I AM ME was a rich, engaging and inclusive programme of events exploring gender and identity, which took place across the whole of 2017 at the Gallery. The programme aimed to spark ideas, encourage space for dialogue and reflection, encourage creativity and expression, and celebrate diversity and equality.

The season explored gender and identity, taking inspiration from the figures in the Gallery’s Collection, the exhibitions and displays programme and the key anniversaries of 2017. It aimed to engage all audiences including families, young people, schools and adults.

Advisory Group

To drive the strategic planning, coordination and delivery of I AM ME, the Gallery established an Advisory Group. The group explored and discussed intellectual ideas to support and inform the work we did to deliver best practice and an inclusive offer for all visitors on-site and online.

The Group guided and made recommendations to strengthen the public offer and ensure the Gallery could explore key issues and develop a stronger collective understanding which could be applied to the programme and Gallery activity.

Membership of the group included cross-departmental Gallery staff covering curatorial, learning, communications, exhibitions, visitor services, archive & library, digital programmes and the national programme. External Gallery advisors invited to join the group included artist Sadie Lee - the Gallery’s Queer Perspectives host and a regular contributor and adviser to the public programme and Gallery; Tim Redfern – artist and regular contributor and adviser to the public programme at the Gallery; Clare Barlow – Assistant Curator of British Art 1750 – 1830, Tate Gallery and Professor Matt Cook – Department of History, Classics and Archaeology, Birkbeck.

Why 2017?

2017 was the 50th Anniversary of The Sexual Offences Act 1967
2017 marked the 50th Anniversary of the partial decriminalisation of male homosexual behaviour in England and Wales. (It decriminalised homosexual acts in private between two men over 21 years old.) It did not cover the Merchant Navy or the Armed Forces. Homosexual acts were decriminalised in Scotland in 1980 and Northern Island in 1982.

Despite its limited scope, the new legislation was a major step forward for the gay-rights movement in the United Kingdom, and reflects a moment when sexuality and gender were being questioned and attitudes transformed.

2017 was the 60th Anniversary of the publication of The Report of the Departmental Committee on Homosexual Offences and Prostitution, known as The Wolfenden Report 1957
T
he Wolfenden committee investigated homosexuality and prostitution in the mid-1950s, and included on its panel a judge, a psychiatrist, an academic and various theologians.
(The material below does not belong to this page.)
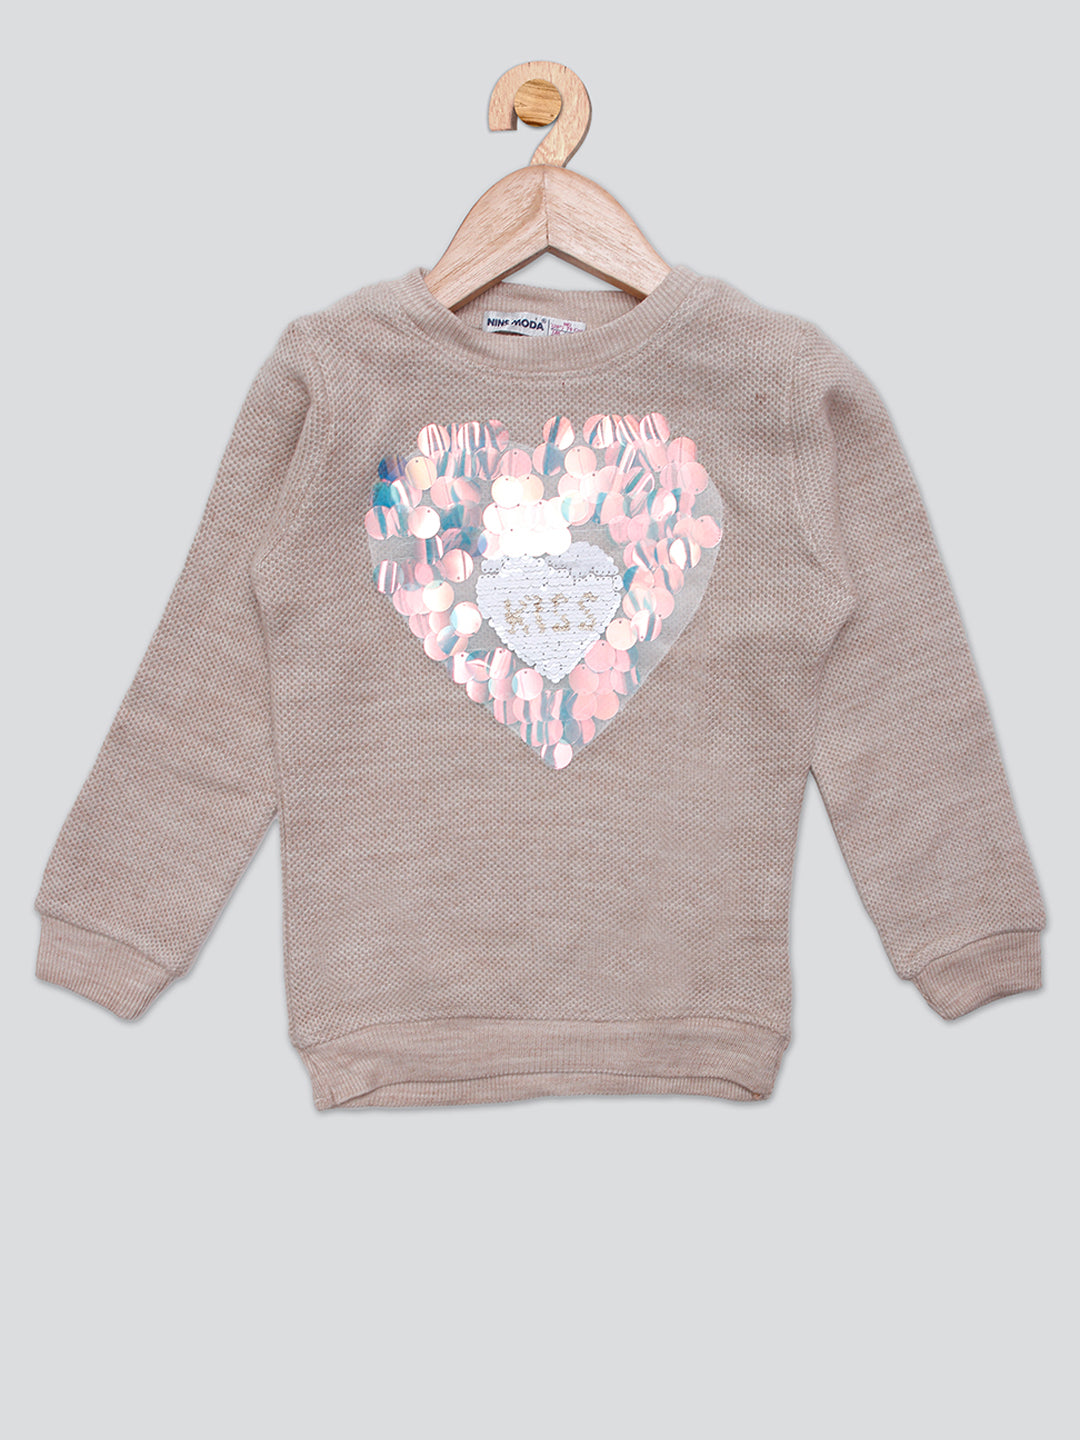 Pampolina Girls Sequined Printed Woolen Top-Fawn

The context was the rising numbers of prosecutions. The committee concluded that criminal law could not credibly intervene in the private sexual affairs of consenting adults in the privacy of their homes. The position was summarised by the committee as follows: ‘unless a deliberate attempt be made by society through the agency of the law to equate the sphere of crime with that of sin, there must remain a realm of private that is in brief, not the law's business.’

The Report of the Departmental Committee on Homosexual Offences and Prostitution (the Wolfenden Report) was published on 4 September 1957.
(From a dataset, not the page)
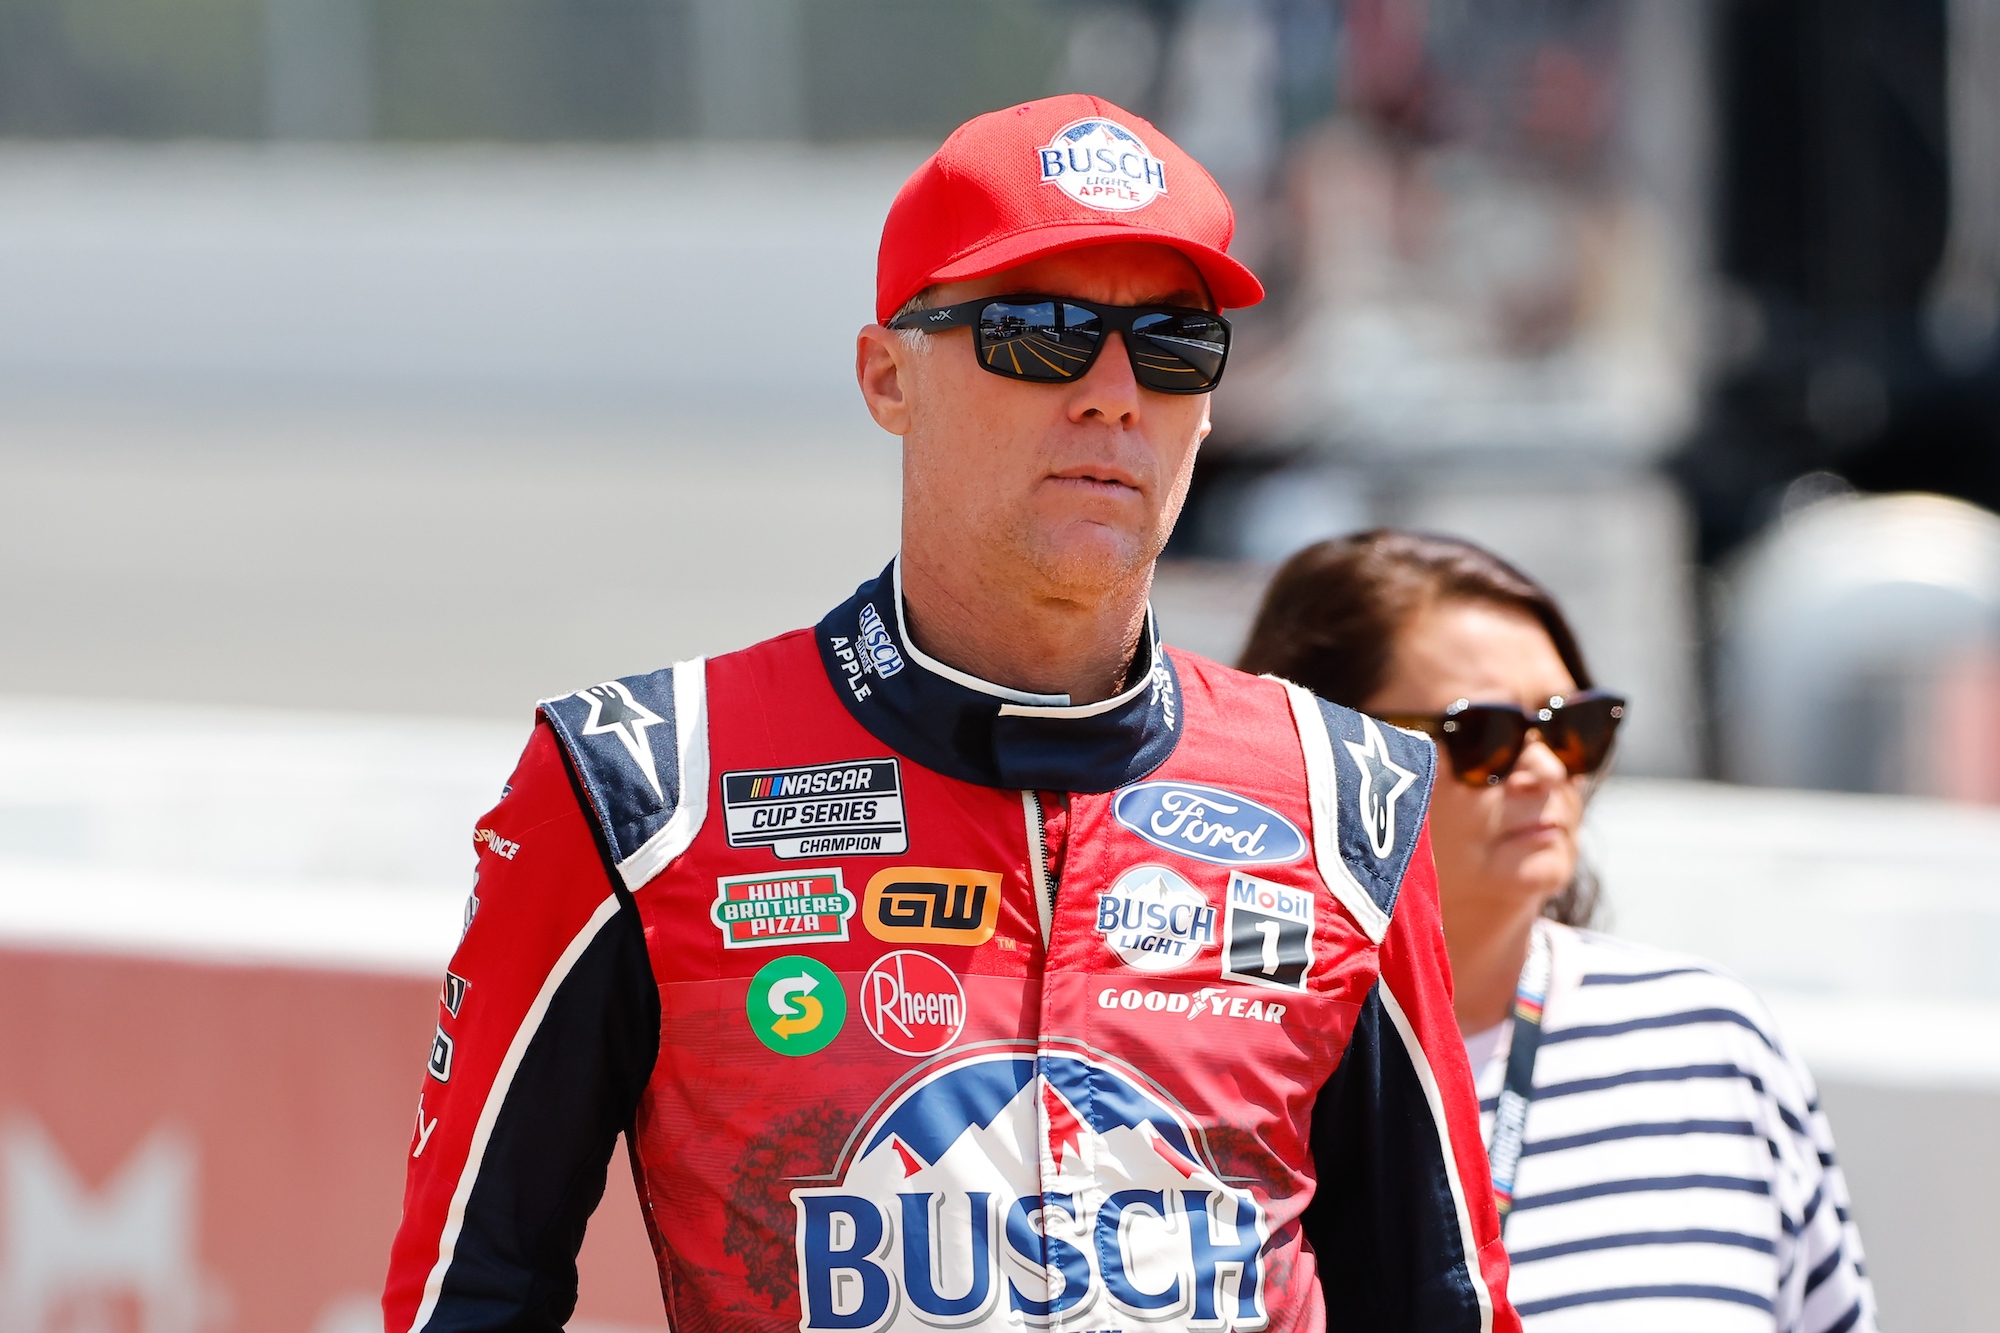 Kevin Harvick Doesn’t Mince Words on NASCAR and Next Gen Car, Suggesting Driver Safety Isn’t Top Priority

There was no political impetus after the publication of the Wolfenden report to legislate on the matter but in the 1960s, Leo Abse MP and Lord Arran who sat in the House of Lords put forward proposals to change the way in which criminal law treated homosexual men by means of the Sexual Offences Bill 1965. Lord Arran drew heavily upon the findings of the Wolfenden Report.

By 1967, the Labour government in office supported Lord Arran and considered that criminal law should not penalise homosexual men and the Sexual Offences Act 1967 was passed.